# Segment 4 Sanmit Narvekar

## Segment 4

#### To Calculate

1. Evaluate $\displaystyle \int_0^1 \delta(3x-2) dx$

The answer is 1. All the mass for $\displaystyle \delta(3x-2)$ is located at the point x = 2/3. Since this is within the bounds of the integral, we simply evaluate the function $\displaystyle f(x) = 1$ (which is what the Dirac-delta is being implicitly applied to) at x = 2/3, and the answer is 1.

Edited --Sanmit (talk) 14:49, 2 March 2014 (CST)

Turns out this is wrong. The delta function has a different interpretation under scaling, as seen in problem 2:

$\displaystyle \int_0^1 \delta(3x-2) dx$

$\displaystyle = \int_0^1 \delta(3(x-\frac{2}{3})) dx$

By problem 2:

$\displaystyle = \frac{1}{3}\int_0^1 \delta(x-\frac{2}{3}) dx$

Now we continue as before. Since 2/3 is within the bounds of the integral, the integral simplifies to 1:

$\displaystyle = \frac{1}{3}$

2. Prove that $\displaystyle \delta(a x) = \frac{1}{a}\delta(x)$ .

First we integrate both sides from $\displaystyle -\infty$ to $\displaystyle \infty$

$\displaystyle \int_{-\infty}^{\infty} \delta(ax) dx = \frac{1}{a}\int_{-\infty}^{\infty} \delta(x) dx$

Now let $\displaystyle y = ax$ . Then, $\displaystyle dy = a\text{ } dx$ . Performing the substitutions on the left side yields:

$\displaystyle \frac{1}{a}\int_{-\infty}^{\infty} \delta(y) dy = \frac{1}{a}\int_{-\infty}^{\infty} \delta(x) dx$

By the definition of the Dirac delta, both terms in the integral become 1. Thus:

$\displaystyle \frac{1}{a} = \frac{1}{a}$

So they are the same.

3. What is the numerical value of $\displaystyle P(A|S_BI)$ if the prior for $\displaystyle p(x)$ is a massed prior with half the mass at $\displaystyle x = 1/3$ and half the mass at $\displaystyle x = 2/3$ ?

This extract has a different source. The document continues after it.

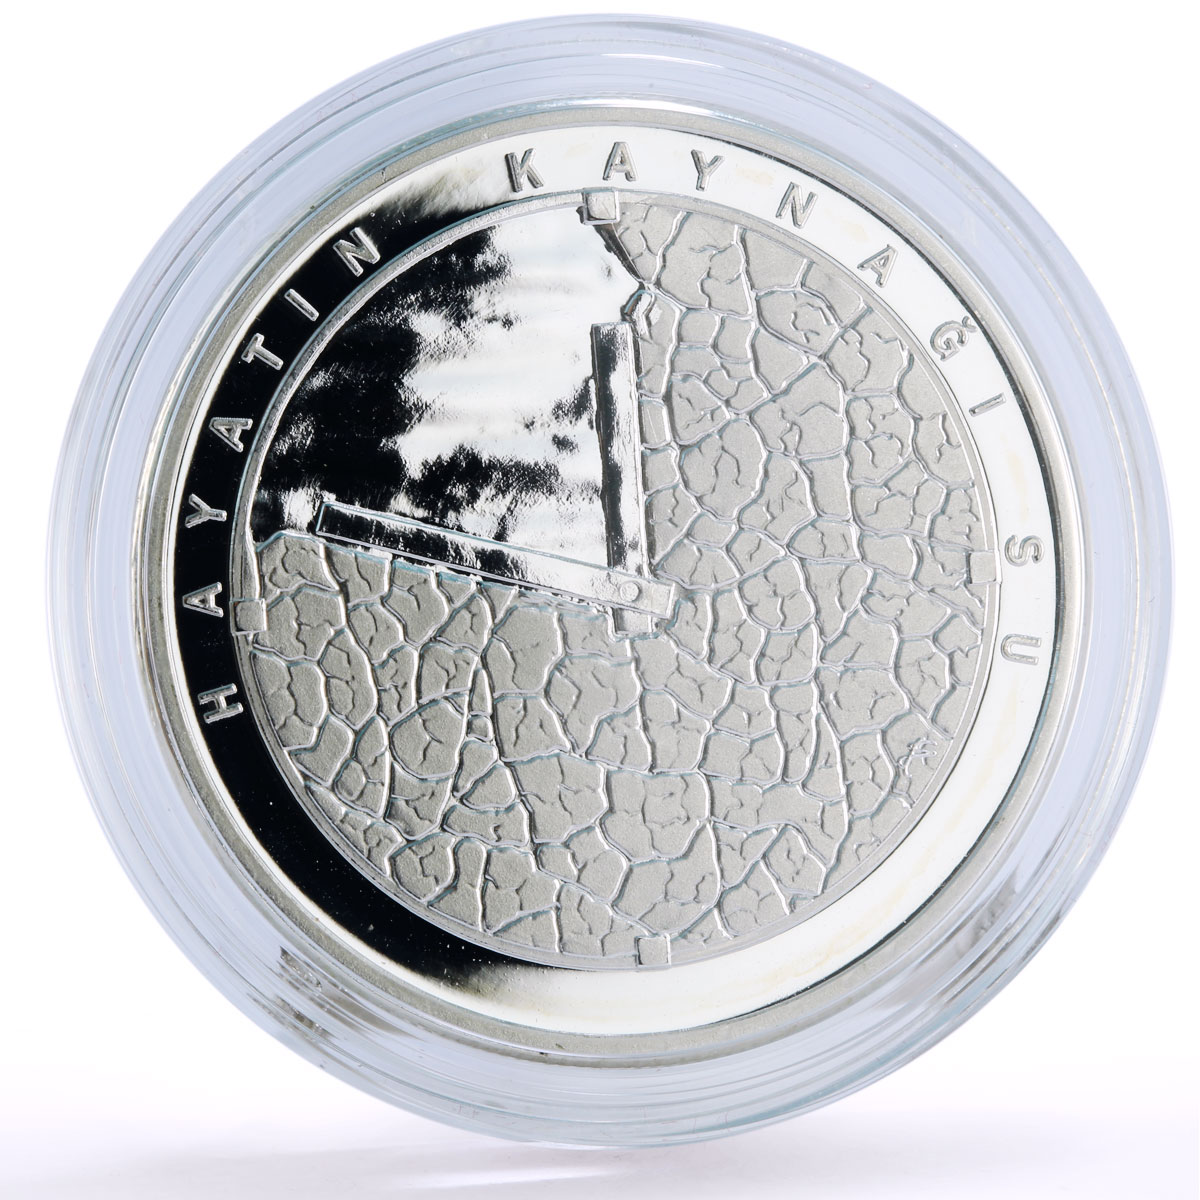 Turkey 50 lira Global Warming Threat Water is Source of Life silver coin 2009

$\displaystyle P(A|S_BI) = \int_x \frac{1}{1+x}\text{ } p(x|I) \text{ } dx = \frac{1}{2}\int_0^1 \frac{1}{1+x}\text{ } \delta(3x - 1) \text{ } dx + \frac{1}{2}\int_0^1 \frac{1}{1+x}\text{ } \delta(3x - 2) \text{ } dx$

$\displaystyle = (0.5) \frac{1}{1+\frac{1}{3}} + (0.5) \frac{1}{1 + \frac{2}{3}} = \frac{3}{8} + \frac{3}{10} = 0.675$

1. With respect to problem 3, above, since x is a probability, how can choosing x=1/3 half the time, and x=2/3 the other half of the time be different from choosing x=1/2 all the time?

2. Suppose A is some event that we view as stochastic with P(A), such as "will it rain today?". But the laws of physics (or meteorology) say that A actually depends on other weather variables X, Y, Z, etc., with conditional probabilities P(A|XYZ...). If we repeatedly sample just A, to naively measure P(A), are we correctly marginalizing over the other variables?